L’attaque la plus percutante de Conti s’est avérée être la dernière. Fin juin, le site Web public de Conti, où il avait raillé le Costa Rica et d’autres victimes, a été fermé, tout comme son site de négociations sur le dark web, ont déclaré des chercheurs en sécurité.

Au fur et à mesure que les attaques se déroulaient, Mora a déclaré que son équipe avait dormi à peine quatre heures par nuit pendant près d’un mois pour ralentir la progression des pirates dans d’autres ministères. L’Espagne a envoyé son propre logiciel de protection contre les rançongiciels MicroClaudia, qui a été développé par son Centre national de cryptologie.

Les États-Unis ont envoyé des équipes pour aider, avec des logiciels et l’expertise de Microsoft, IBM et Cisco, et le département d’État américain a offert une prime allant jusqu’à 15 millions de dollars pour traduire Conti ou ses partisans en justice.

Rejetant les critiques de Chaves, Mora a déclaré que sans leur rythme de travail et leur coopération après l’attaque, “nous aurions eu 50 cas comme le ministère des Finances”.
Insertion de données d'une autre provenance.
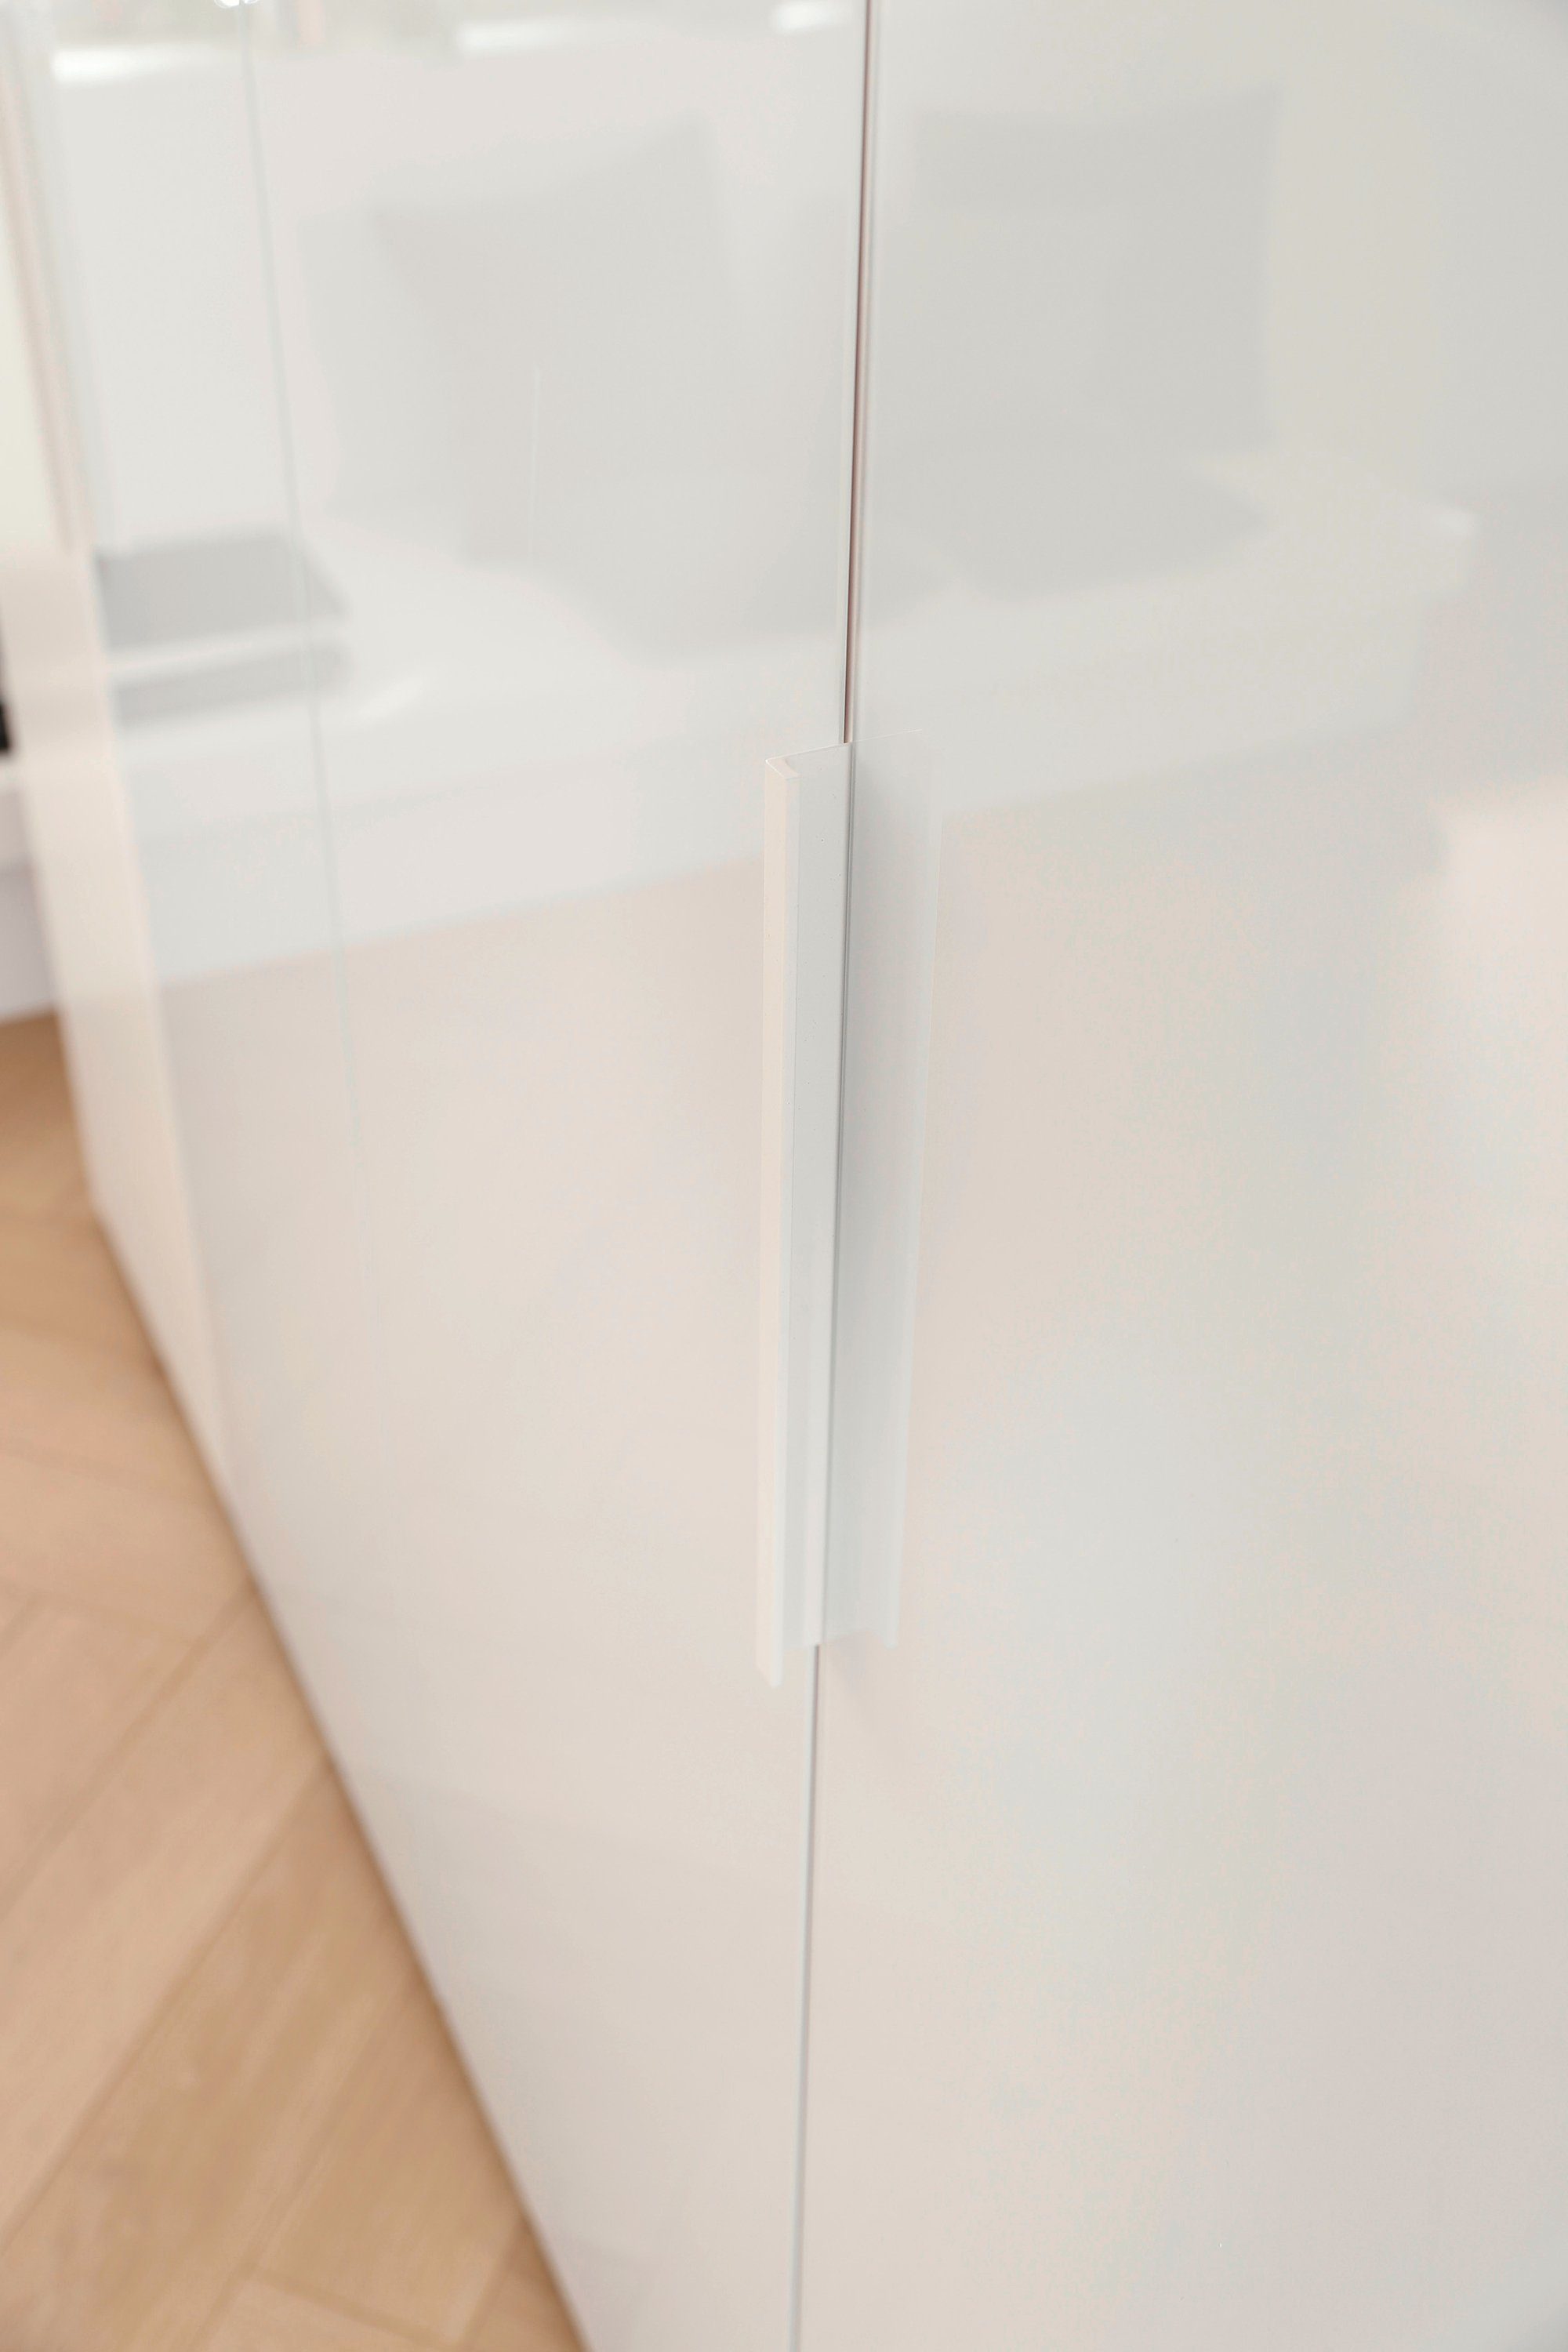 rauch Drehtürenschrank Fena in Weiß optional Außentüren Eiche umfangreicher Innenausstattung, inkl. Weiß/Glas
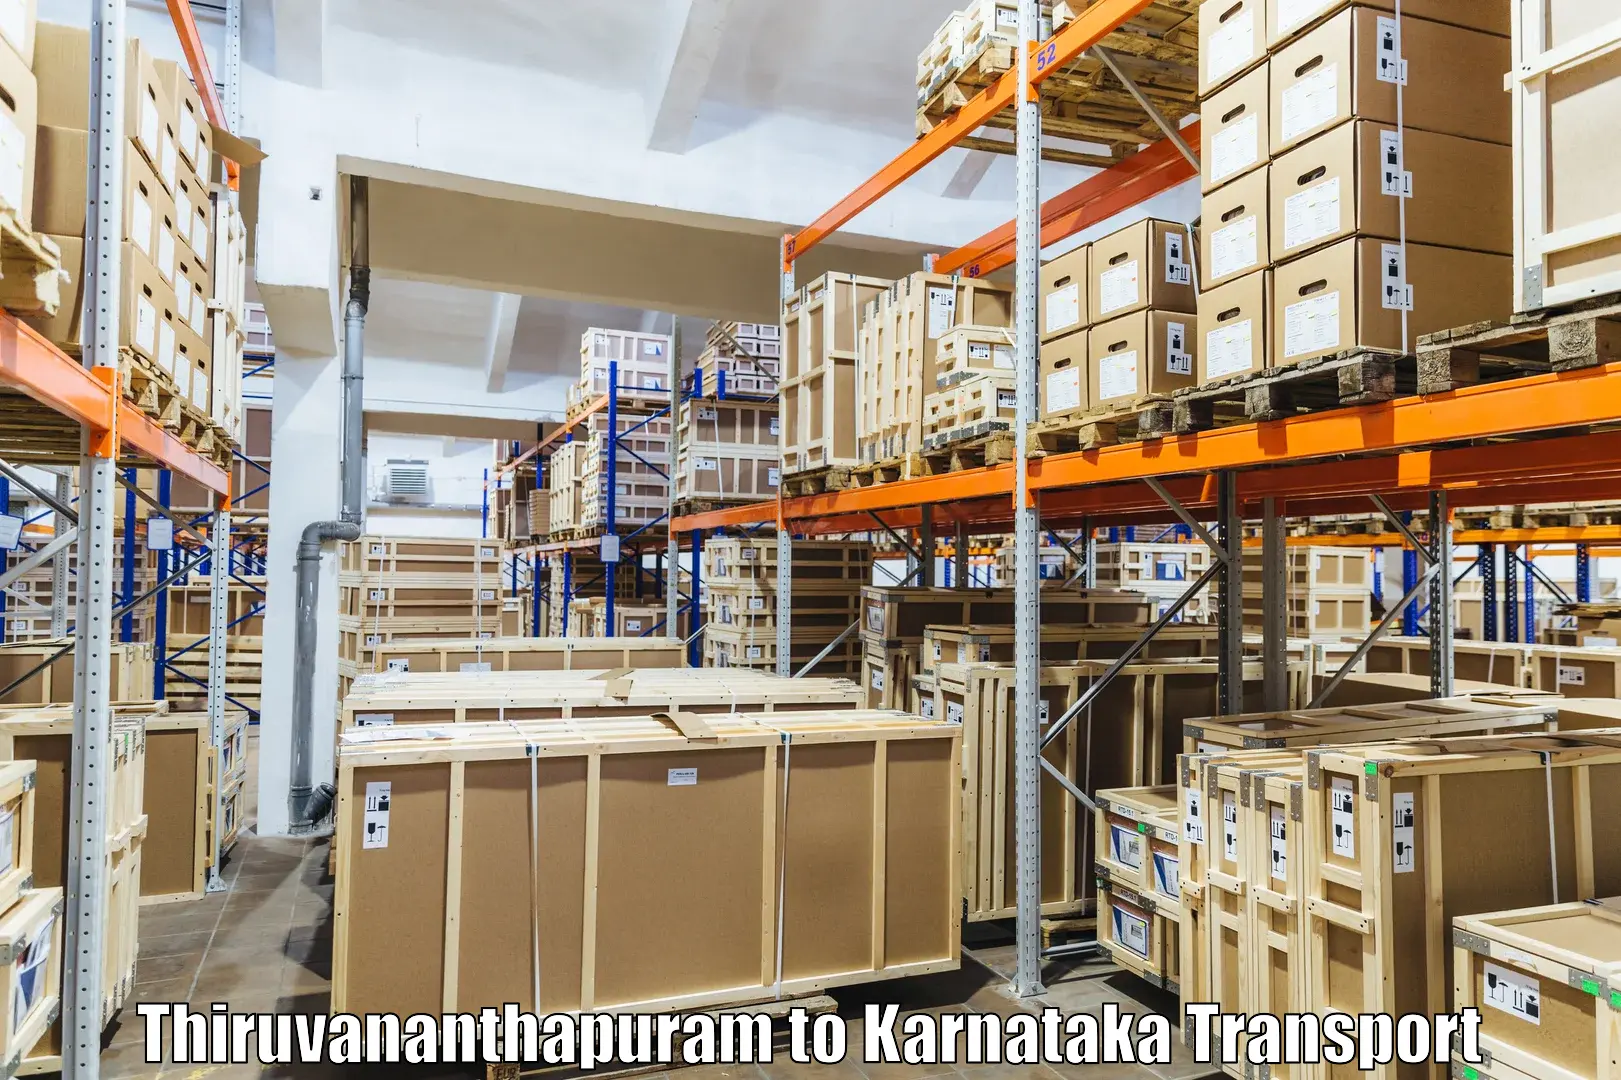 Road transport online services Thiruvananthapuram to Kerur

Mais les efforts du Costa Rica pour reprendre le contrôle de leurs systèmes informatiques se sont accompagnés de la disparition de Conti, compliquant davantage leurs efforts. Un responsable occidental qui a été informé des enquêtes a déclaré que même si Chaves avait accepté de payer la rançon, qui variait de 20 millions de dollars à 1 million de dollars, il n’est «pas clair qui était à l’autre bout du fil. En juin, personne ne répondait au téléphone, au sens figuré.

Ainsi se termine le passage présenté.